• _GIVEN DATA_:
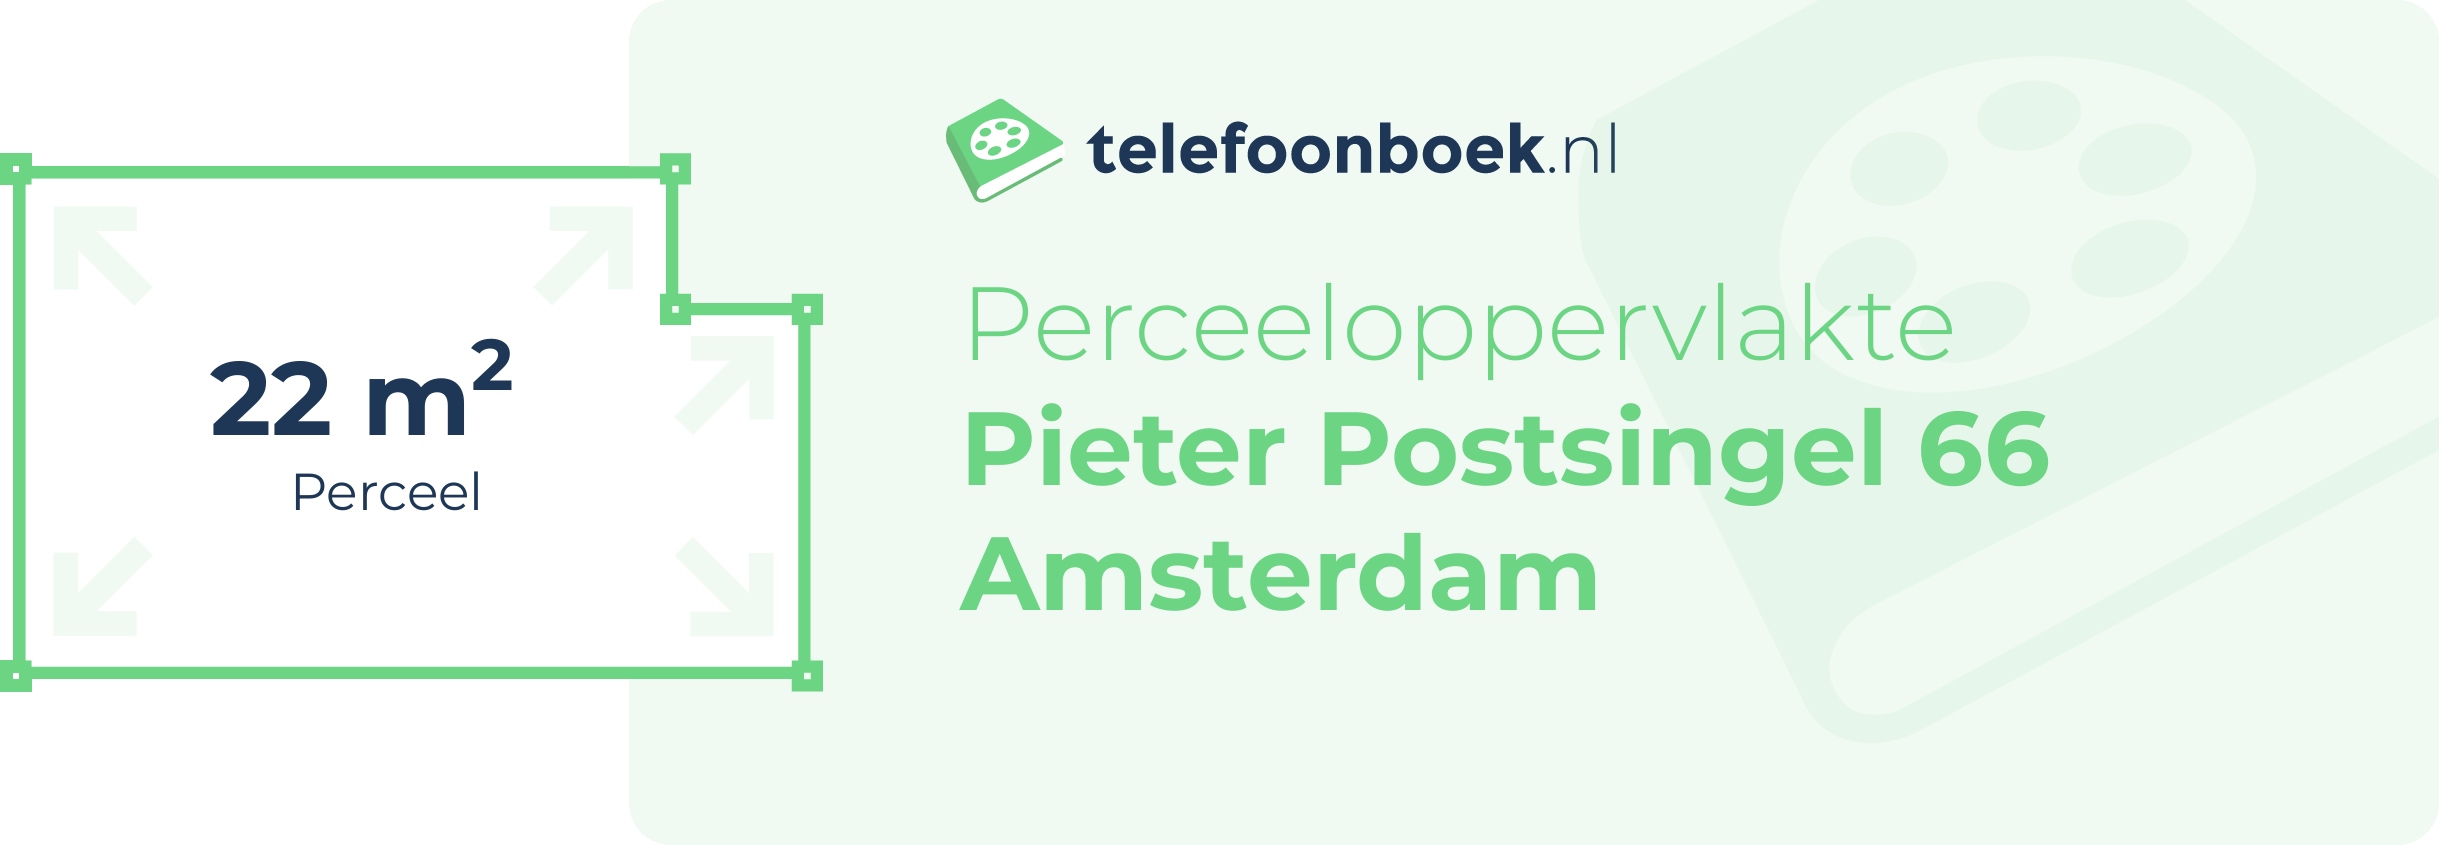 Perceeloppervlakte Pieter Postsingel 66 Amsterdam
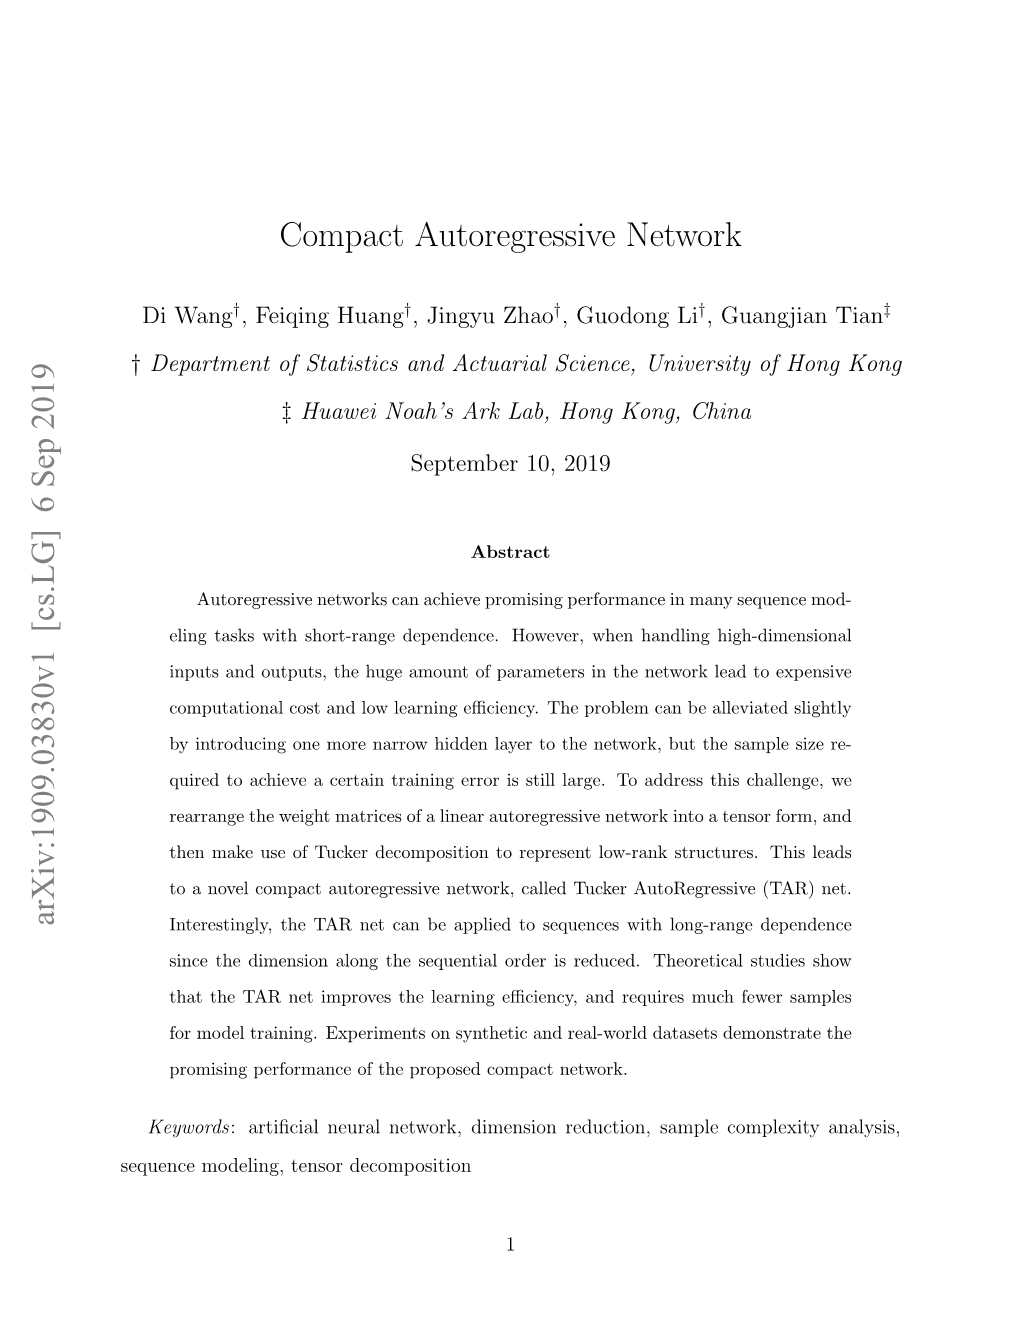 Compact Autoregressive Network Arxiv:1909.03830V1 [Cs.LG] 6 Sep 2019
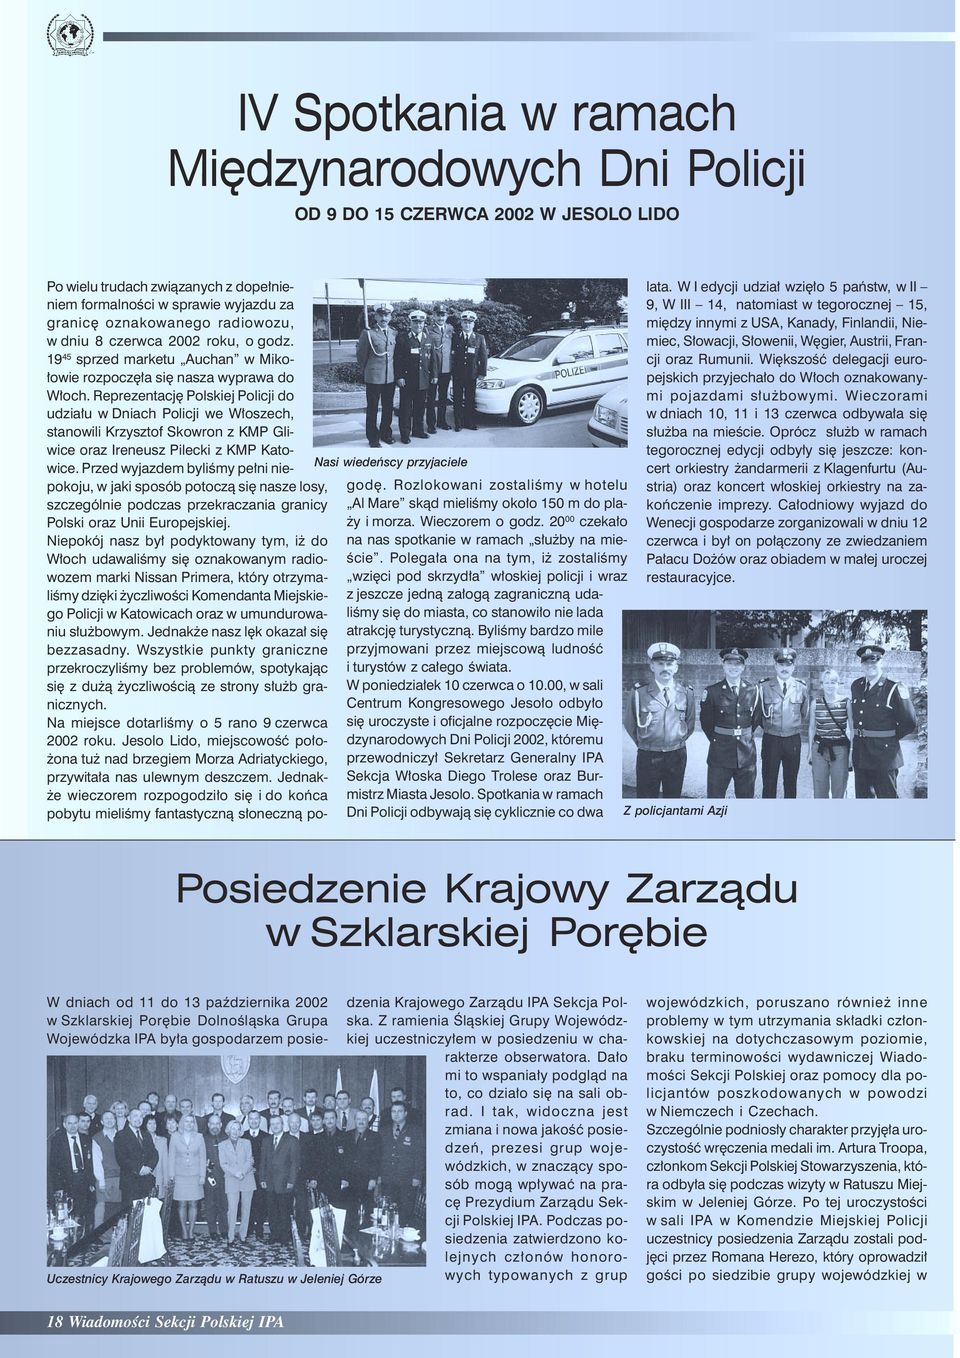 Reprezentację Polskiej Policji do udziału w Dniach Policji we Włoszech, stanowili Krzysztof Skowron z KMP Gliwice oraz Ireneusz Pilecki z KMP Katowice.
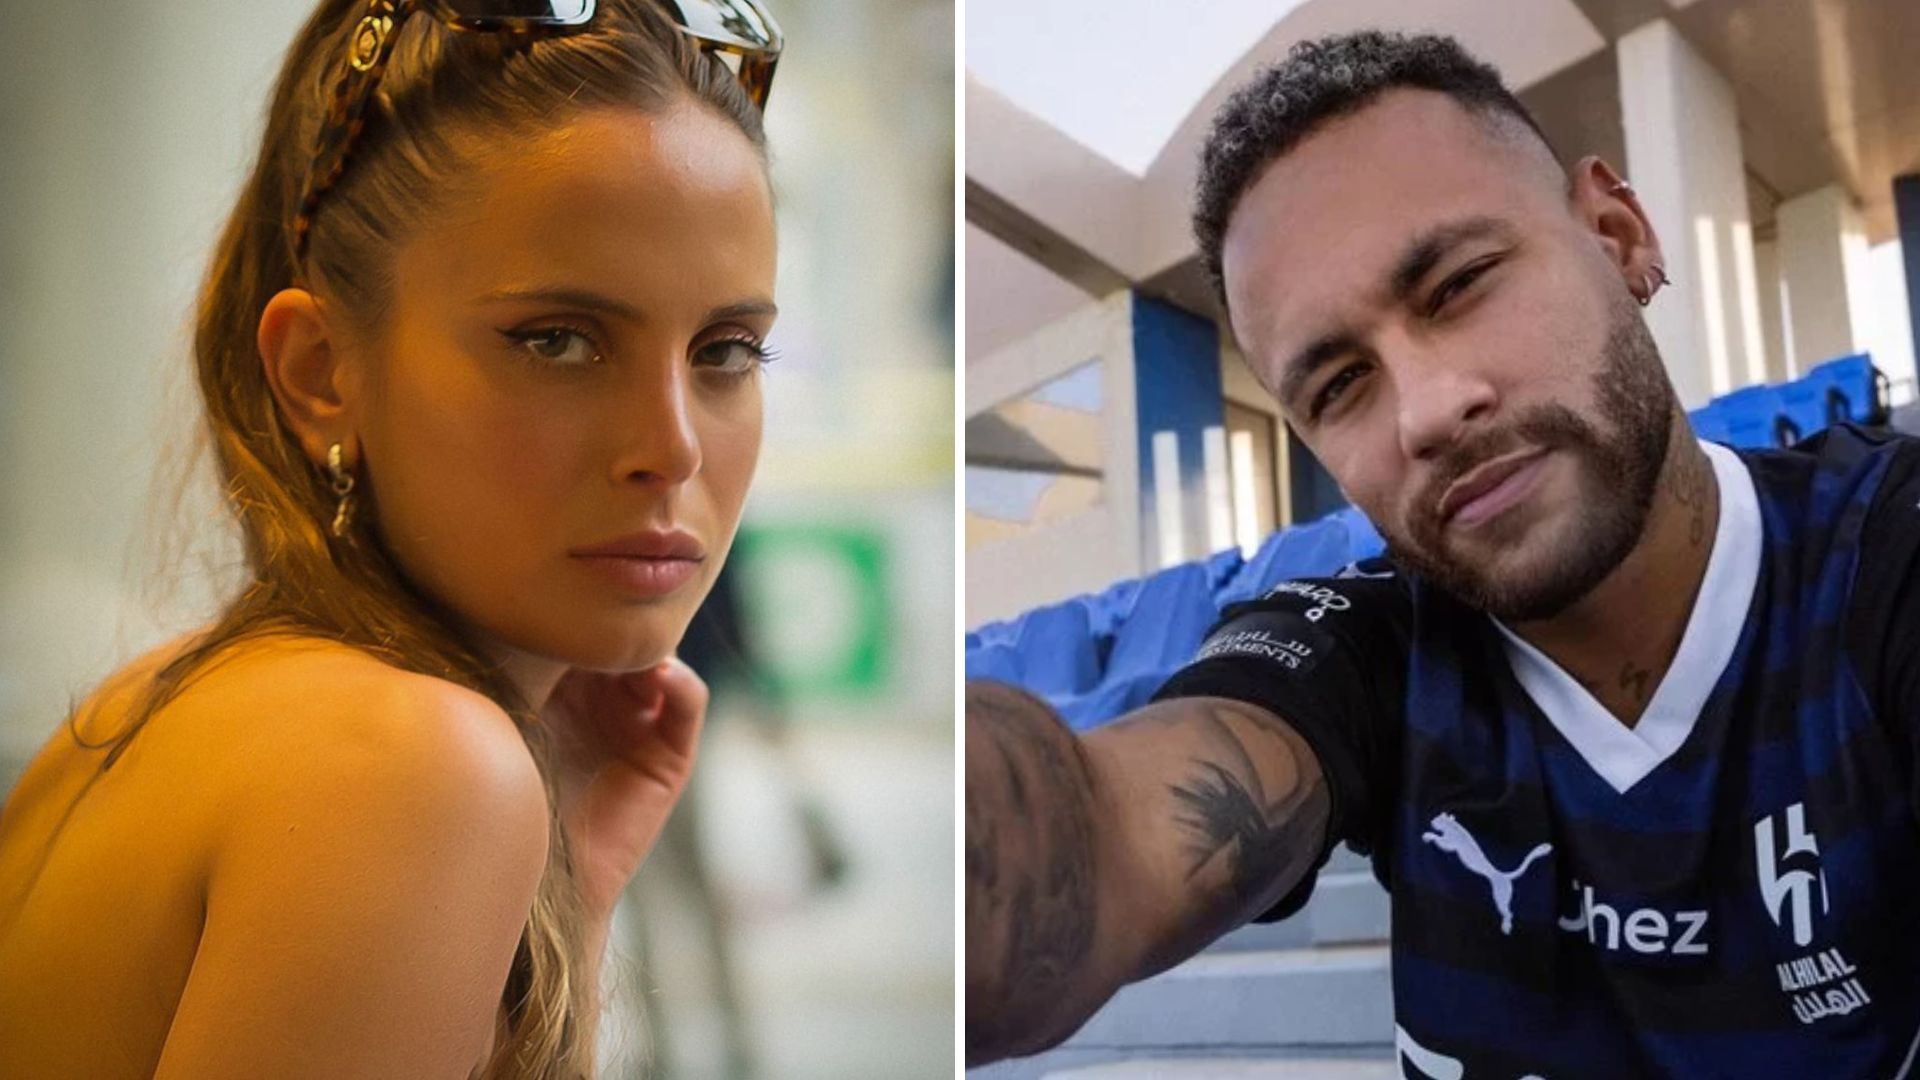 Quem é Carola Gil? Conheça a modelo apontada como suposta amante de Neymar

• _WHAT IS EXPECTED_:
Beginning at the line that contains "Reprezentację Polskiej Policji", transcribe it and every later line through the last line of the data above, exactly, and drop the pictures.

• _TASK RESPONSE_:
 Reprezentację Polskiej Policji do udziału w Dniach Policji we Włoszech, stanowili Krzysztof Skowron z KMP Gliwice oraz Ireneusz Pilecki z KMP Katowice.
 Quem é Carola Gil? Conheça a modelo apontada como suposta amante de Neymar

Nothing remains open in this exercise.